Your generation doesn't corner the market on new technology, internet use & shopping. Some of us were a little afraid of computers when they first came out, but once we got one we found out we couldn't live without them, especially when they're hooked to the internet.

I'm 55 and still have an old Royal typewritter in my basement that has ribbons and no motor. When you got to the end of the line you had to stop, reach over and push the return lever so you could start a new line of type. No wrap typing, no backspacing... we're glad those days are over. Thank heavens for technology.


----------



## surgitech81 (Dec 3, 2008)

I would have to agree with SeasonEnds. My mom is in that bracket and trying to get her to look up something online is like getting a monkey to fix an air-conditioner. LOL!


----------



## tthomas (Nov 21, 2008)

Thanks for this feedback, Guys! I really appreciate it. It sound like I will have to bolster my advertising budget and place ads on the websites that cater to boomer and older markets (AARP, C-Boom, etc.).
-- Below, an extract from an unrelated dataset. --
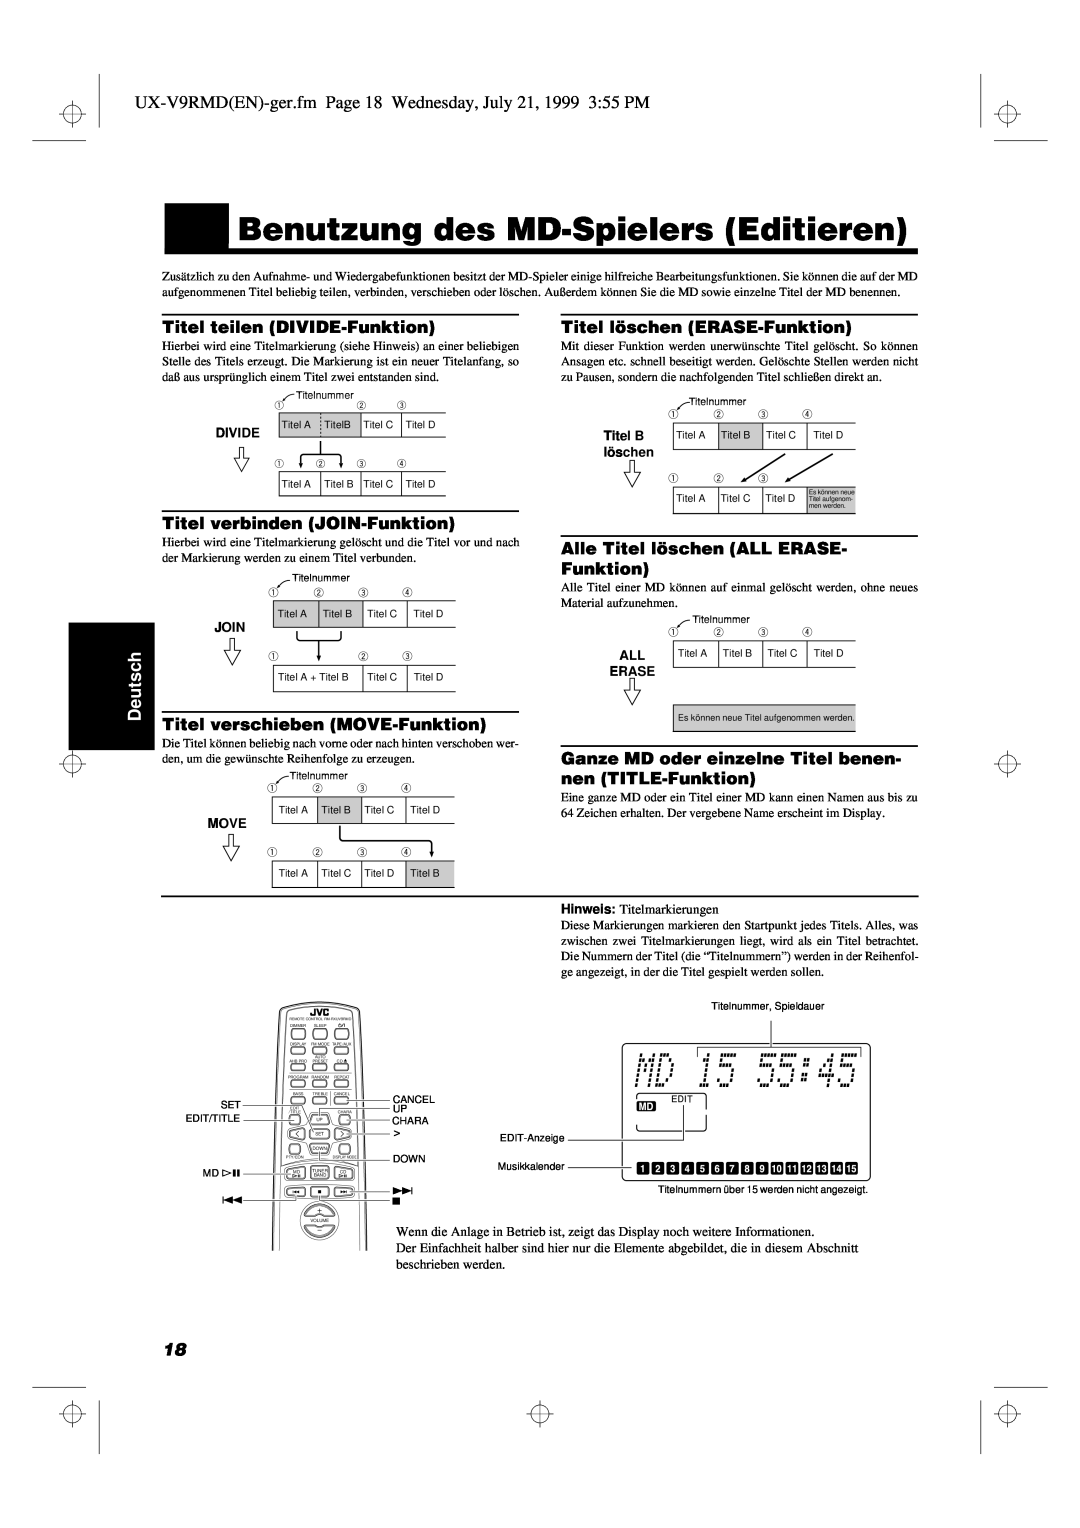 JVC UX-V9RMD manual Titel teilen DIVIDE-Funktion, Titel verbinden JOIN-Funktion, Titel verschieben MOVE-Funktion, Deutsch

In the meantime, though, if you can think of other low-cost methods of reaching the 35-65 market, I'd be obliged! 

Thanks again -- what a great community!

tthomas


----------



## Girlzndollz (Oct 3, 2007)

Do what Nickelodean and Disney does, reach them thru their kids and grandkids. Take notice of the commercials on Nick and Disney. They market stuff on there at times of day when the parent of that age group would be most likely to be watching.

Early am, babies, toddlers, pre-schoolers: diapers, baby toys, formula, healthy foods, etc, fitness for mom and dad, stuff for nursing moms, it's pretty tailored to what a parent is doing at that time frame.
Afternoon, elementary kids, toys games books etc, for that age, fitness for mom and dad. Junk cereal, healthy foods. For mom and dad, you might see them advertise places to take the older kids. Cars that fit the family on the go lifestyle.
Later, evening: Older kids, older kids stuff, clothes, shoes, electronics and fitness for mom and dad. Just spend a day checking it out for this specifically. It's almost crazy the science television has marketing down, too. 

It's like a free tutorial on marketing if you just watch close enough.

If you want to reach Mom's, Dad's, and Grandparents, get yourself banners on kid's sites. Places that sell kids toys, clothes, foods, etc. Parents and G-parents always shop for kids. 

Follow the kids to their elders....


----------



## tthomas (Nov 21, 2008)

Thanks so much, Kelly! I hadn't thought of marketing this way, but your suggestion makes perfect sense.

I'll check out ad rates today!


----------